У окна сидела Наталья и, склонив голову к животу, тонко-тонко посапывала. Словно на дудочке играла.

12. Домой возврата нет

Последние полгода я бомжевал в Богом забытом подвале стена в стену с ведомственной котельной, которая обслуживала школу милиции. Меня привел сюда Гамзатов Расул, так значилось в паспорте. На самом деле Расула звали Илья, и фамилия у Ильи была веселая – Зильберглянц. Илюшка вообще был человек занятный. Например, держал в подвале библиотеку – небогатую, томов в двадцать пять – и давал читать напрокат – рубль за одно прочтение. Когда рублей накапливалось в достатке, он собирал компанию – меня и еще двух-трех человек знакомых, – мы накупали водки и устраивали праздник души. Первый стакан был всегда за Литературу, за хлеб духовный, потом тосты мельчали и начиналась пьянка. Ближе к ночи Илюха бежал к «Стреле», там снимал девочек из какой-нибудь институтской общаги, и пьянка переходила в оргию.

Еще Илья собирал истории из еврейской жизни, имеющие хождение в народе. Эти истории он записывал в толстую амбарную книгу и все они начинались словом «однажды». Вот пример:

Однажды евреи протянули специальный кабель, чтобы взорвать все, что любо и дорого русскому человеку. Взрыв назначили на субботу, праздник еврейского шабаша, на девять вечера, когда население смотрит телепрограмму «Время». Самый главный еврей, зажавши в руке рубильник, говорит еврею помельче:

– Ну как, Давыдыч, пора? Сколько там на твоих натикало?

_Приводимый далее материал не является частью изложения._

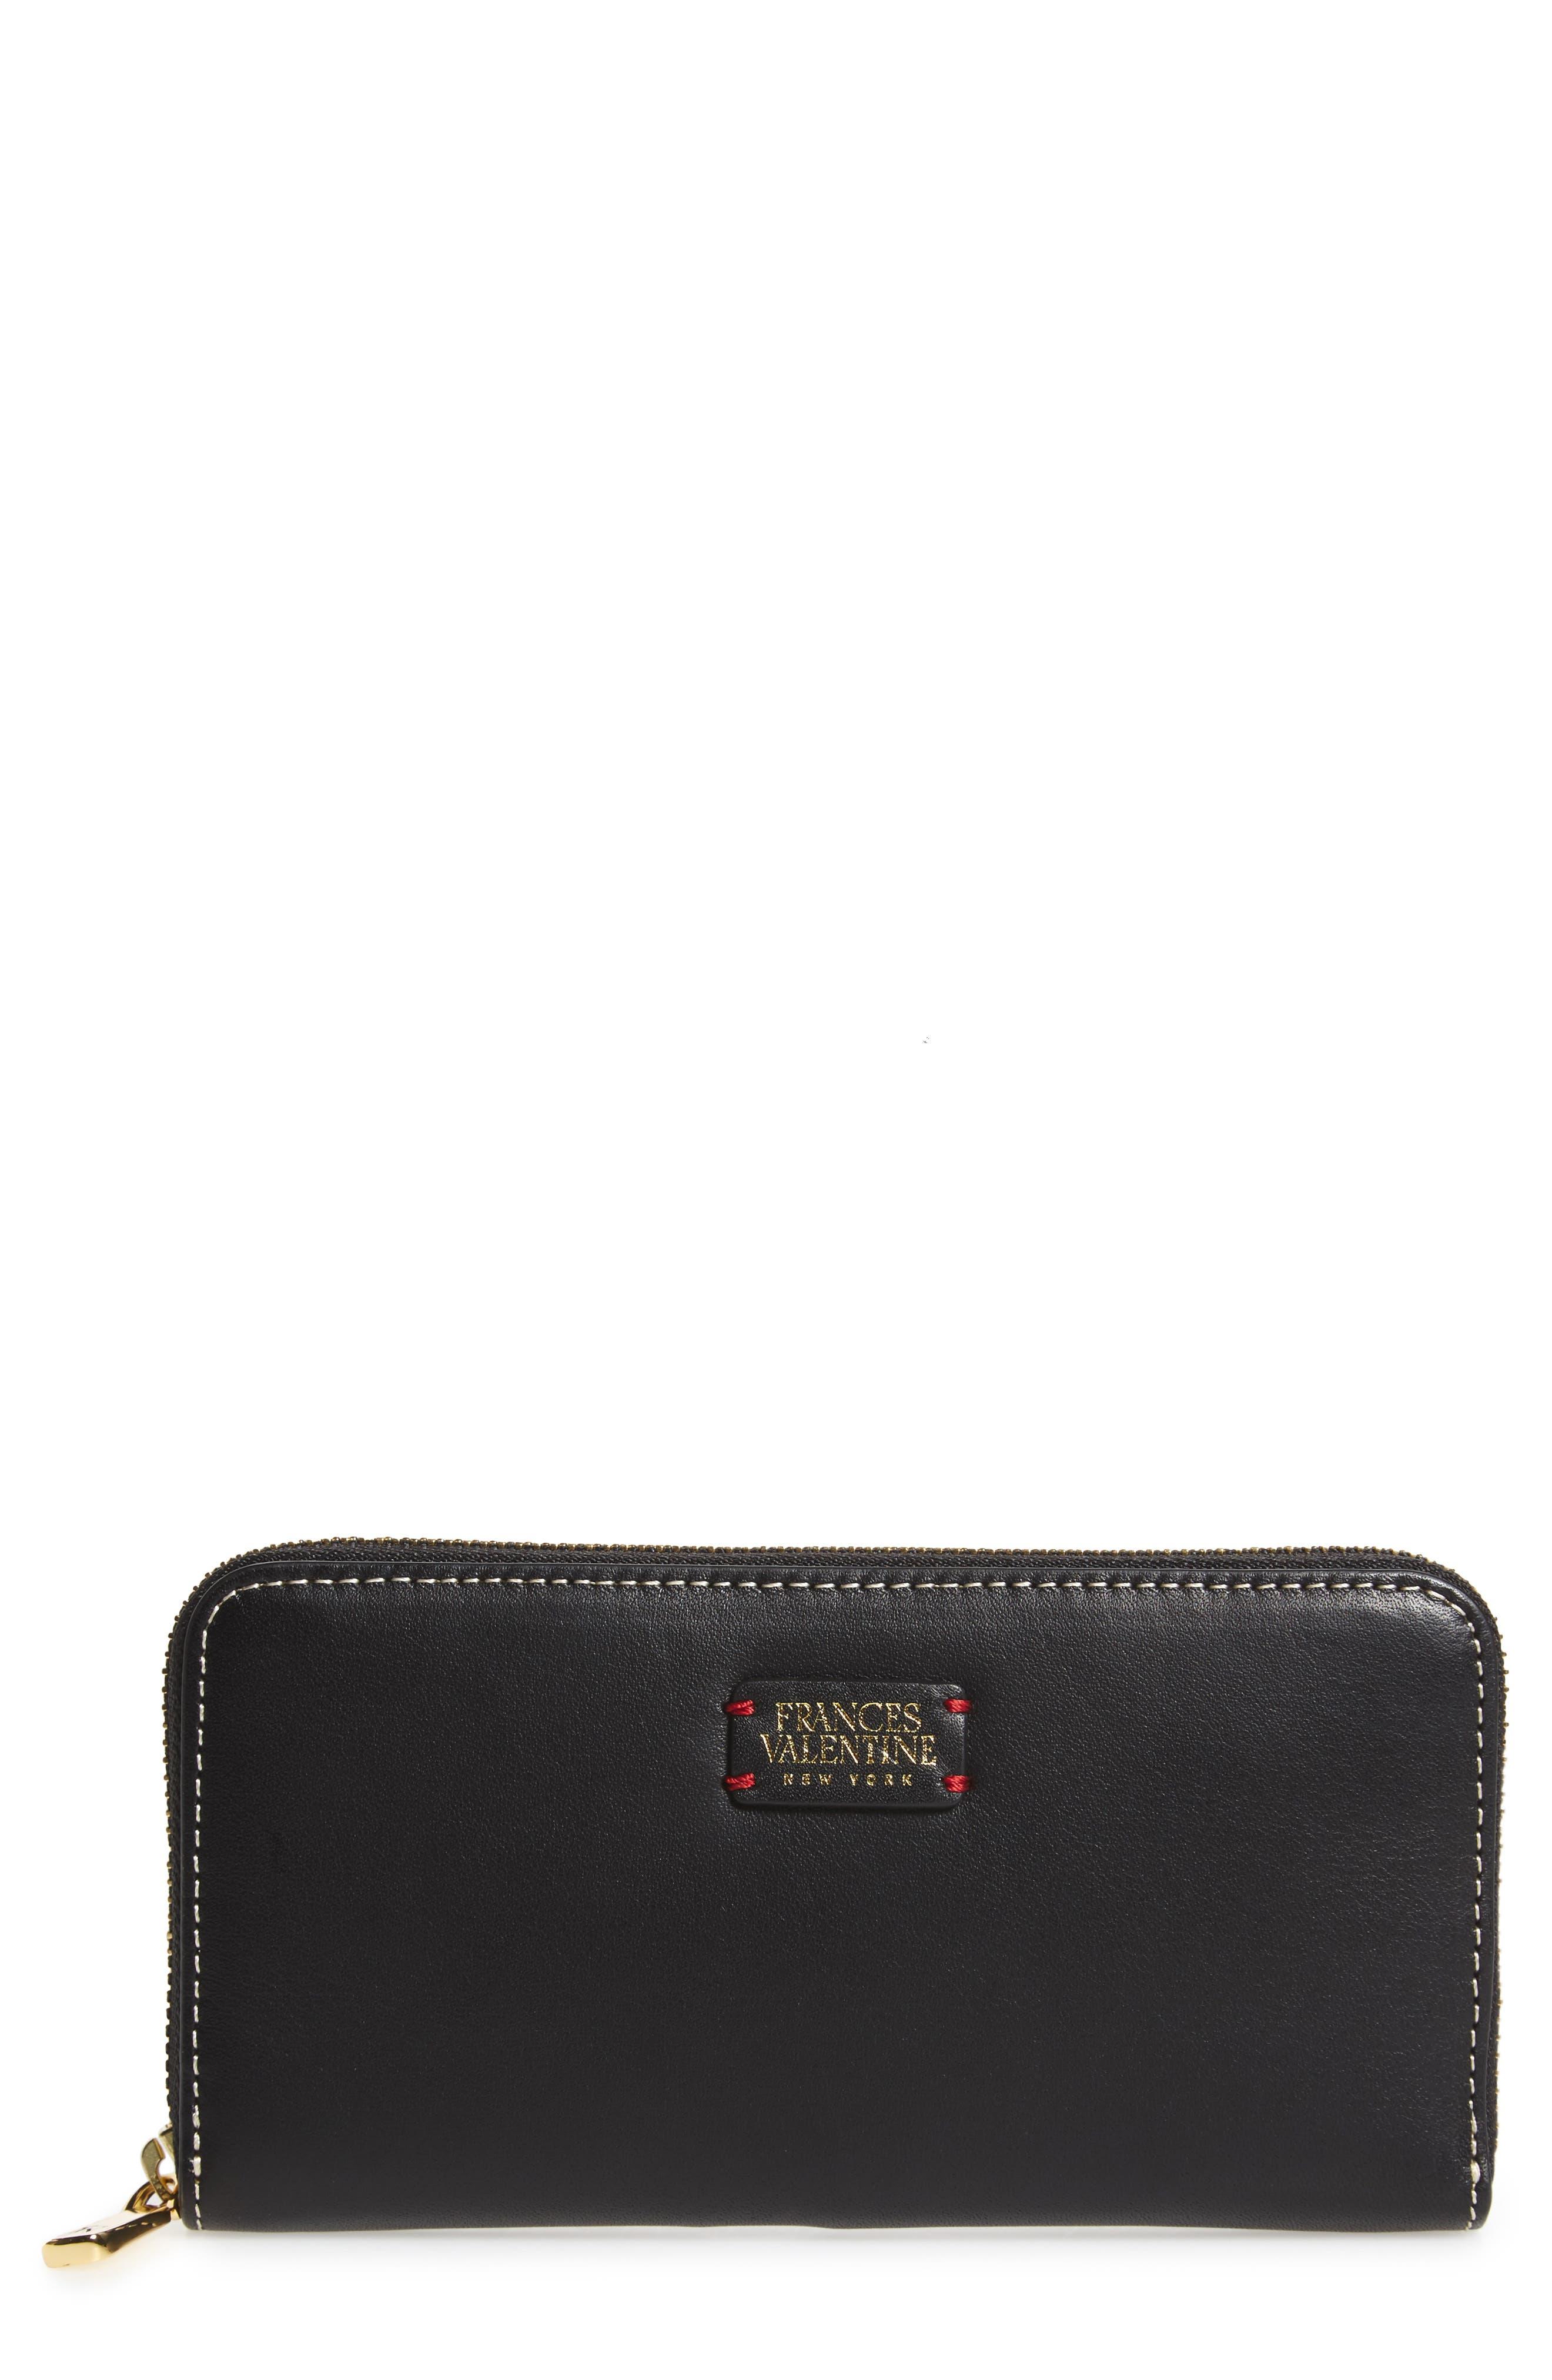 Frances Valentine Kennedy Calfskin Leather Zip Around Wallet

– В самый раз, Соломоныч, тютелька в тютельку, – отвечает еврей помельче.

– Где наша не пропадала. – Главный осеняет себя шестиконечным еврейским знамением и подает в сеть напряжение.

Вот какое страшное дело совершили однажды евреи в 9 вечера, в субботу, в праздник еврейского шабаша.

Или другой пример:

Однажды евреи придумали хитроумную электрическую машинку, чтобы посредством ее извести русского человека. Назвали они машинку «компьютер», чтобы непонятно звучало. А жил в поселке Торчки такой Юра Перов, механик Погожского МТСа. Он на нее посмотрел, на эту машинку, и ни слова не говоря, швырь ее в кормушку к быку. А бык в стойле был злой, звали быка Петлюра. Он как надавит большим желтым зубом – и нет еврейской машинки. Так механик Погожского МТСа показал безродным изобретателям, где раки зимуют.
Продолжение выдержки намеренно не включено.